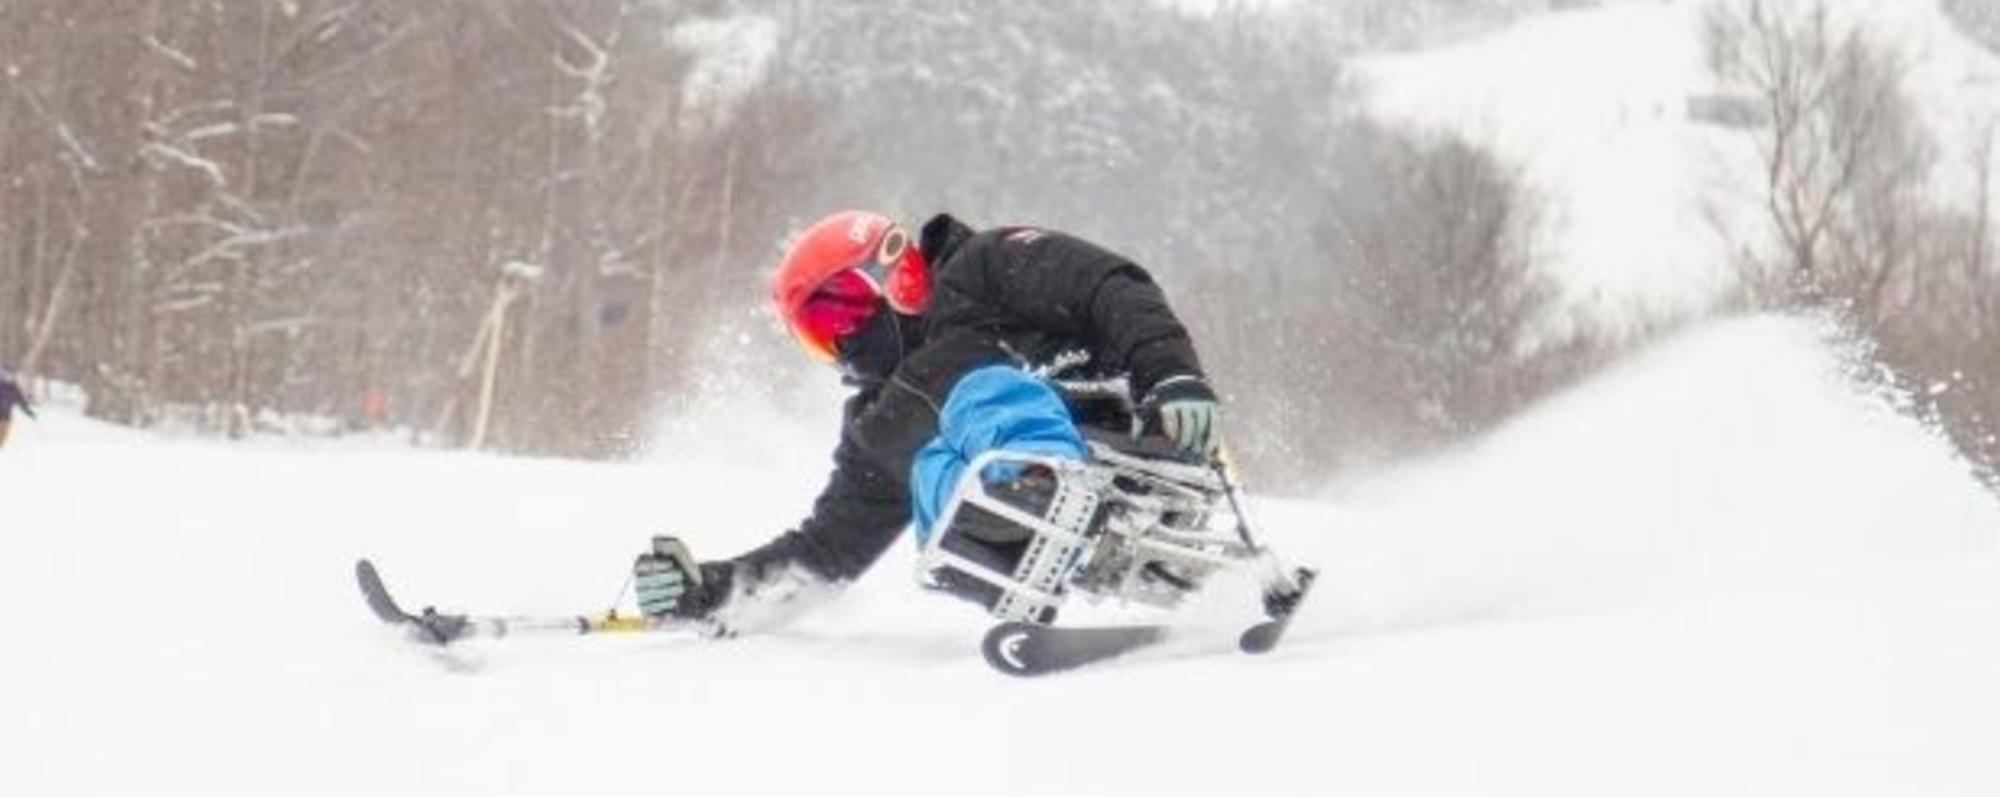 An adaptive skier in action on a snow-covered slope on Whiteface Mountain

+++++

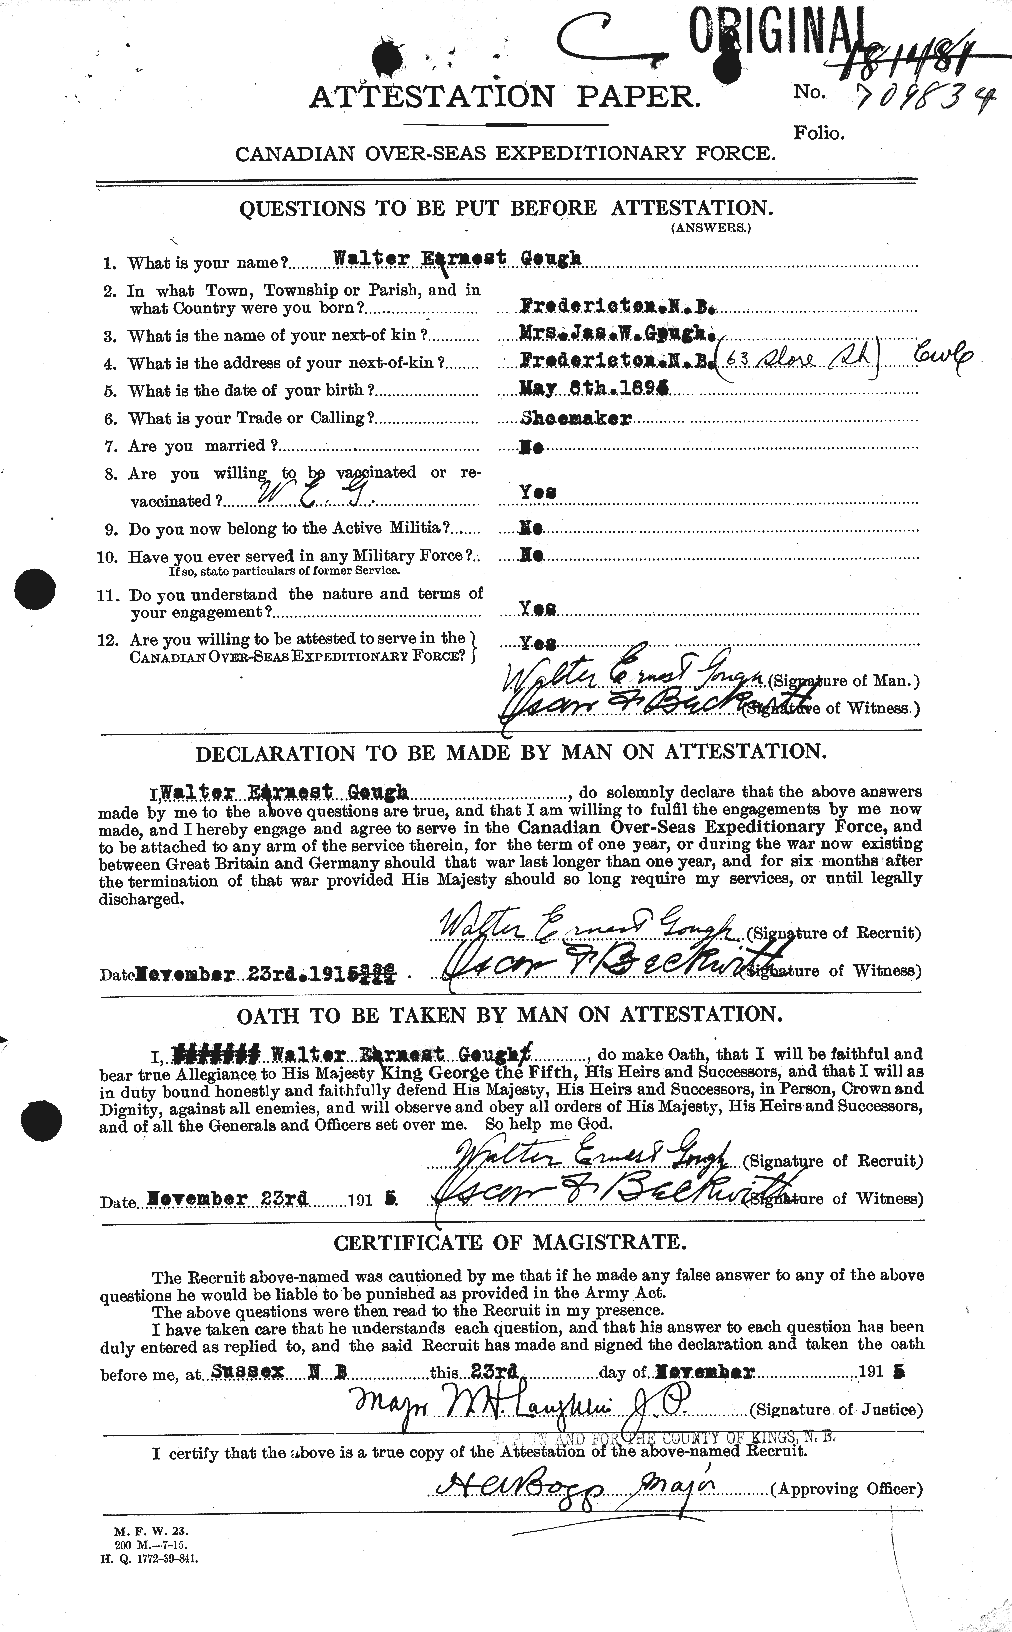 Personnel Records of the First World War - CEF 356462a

+++++

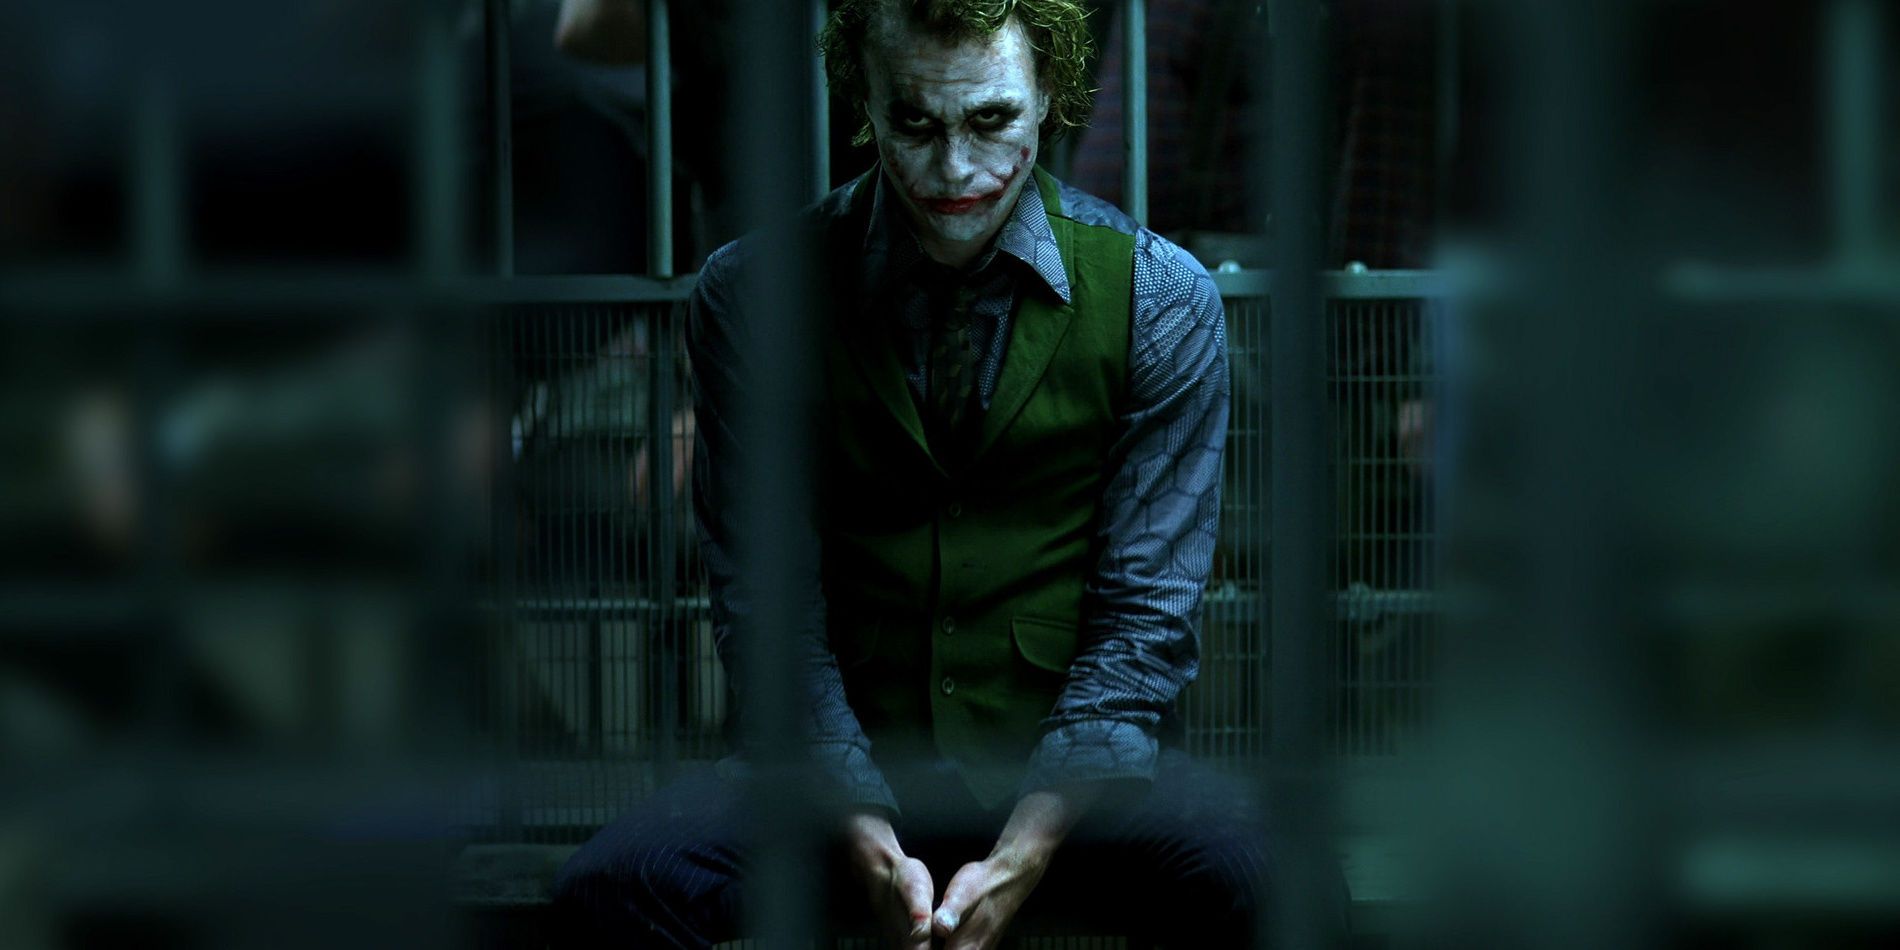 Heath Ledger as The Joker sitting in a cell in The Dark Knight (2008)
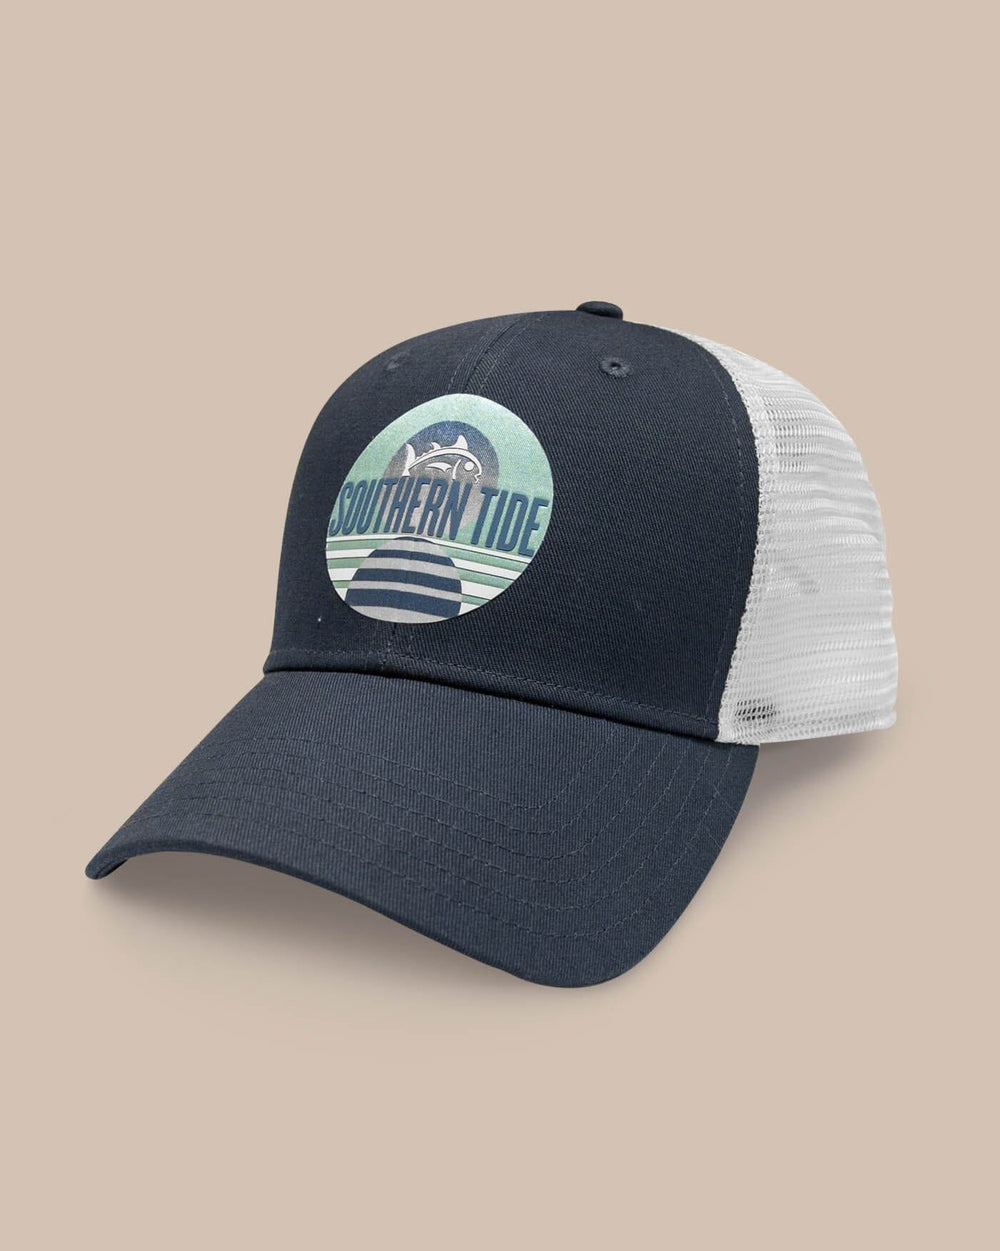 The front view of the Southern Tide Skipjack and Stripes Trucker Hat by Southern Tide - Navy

+++++

Pictures are to be left out. Write out only the lines above starting at the one with "Heath Ledger as" and ending at the one with "The front view", both lines included, exactly.

 Heath Ledger as The Joker sitting in a cell in The Dark Knight (2008)
 The front view of the Southern Tide Skipjack and Stripes Trucker Hat by Southern Tide - Navy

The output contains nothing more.